Kebijakan baru tersebut, lanjut Jokowi, bersinergi dengan kebijakan pemerintah untuk mengeluarkan peraturan pemerintah pengganti undang-undang (perppu) untuk merespons maraknya kejahatan seksual terhadap anak.
Kebijakan baru itu juga bersinergi dengan revisi Undang-Undang Perlindungan Nomor 35 Tahun 2014 tentang Perlindungan Anak.
"Perppu-nya baru diproses. UU-nya nanti kami akan revisi, tapi yang paling penting tadi bahwa penanganannya harus dengan cara-cara yang luar biasa," ujar Jokowi.
Menteri Koordinator Pembangunan Manusia dan Kebudayaan Puan Maharani sebelumnya mengatakan, perppu yang tengah dirancang untuk merespons banyaknya kasus kejahatan seksual akan menitikberatkan ke arah pemberatan hukuman bagi pelaku.

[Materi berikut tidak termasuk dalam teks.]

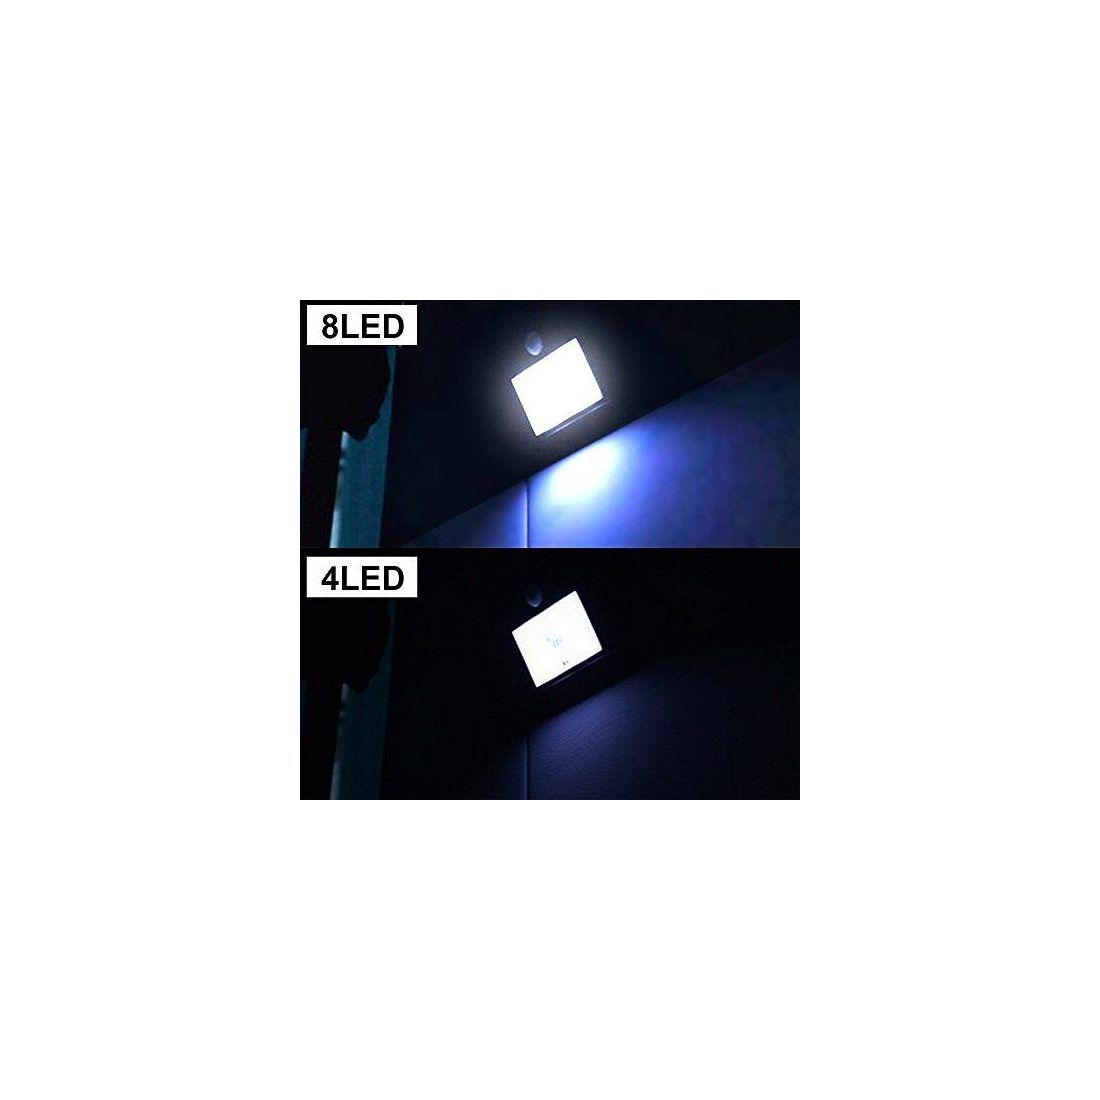 8 LED eclairage exterieur imperméable, Mpow eclairage terrasse Sans Fil Détecteur de Mouvement avec Trois Modes Intelligents 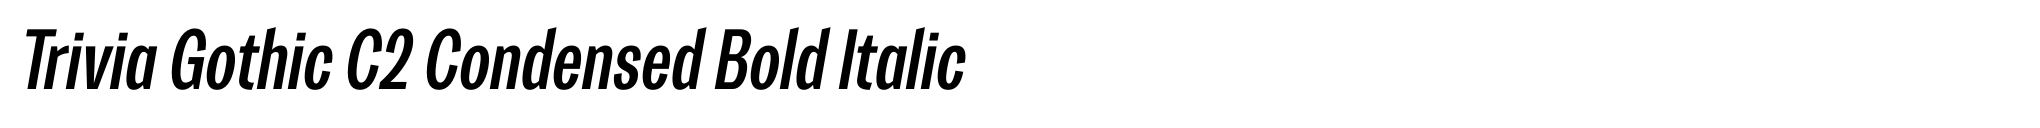 Trivia Gothic C2 Condensed Bold Italic image

Ada dua poin pemberatan hukuman yang dimaksud. Pertama, penerapan hukuman mati atau seumur hidup bagi pelaku kejahatan seksual terhadap perempuan dan anak-anak.
(Baca: Dalam Perppu Baru, Pelaku Kejahatan Seksual yang Masih Anak-anak Akan Direhab)
Kedua, memperkuat perlindungan bagi pelaku kejahatan seksual yang masih di bawah umur. Artinya, selain diberikan hukuman badan atau penjara, pelaku kejahatan seksual di bawah umur juga akan dikenakan hukuman berupa rehabilitasi psikologis.
"Pelaku akan diberikan rehab dengan maksud tidak mengulangi hal itu kembali dan kembali ke jalan yang benar," ujar Puan.
Menurut dia, rehabilitasi psikologis kepada pelaku kejahatan seksual di bawah umur juga merupakan implikasi dari asas perlindungan anak yang tercantum dalam Undang-Undang Nomor 35 Tahun 2014 tentang Perlindungan Anak.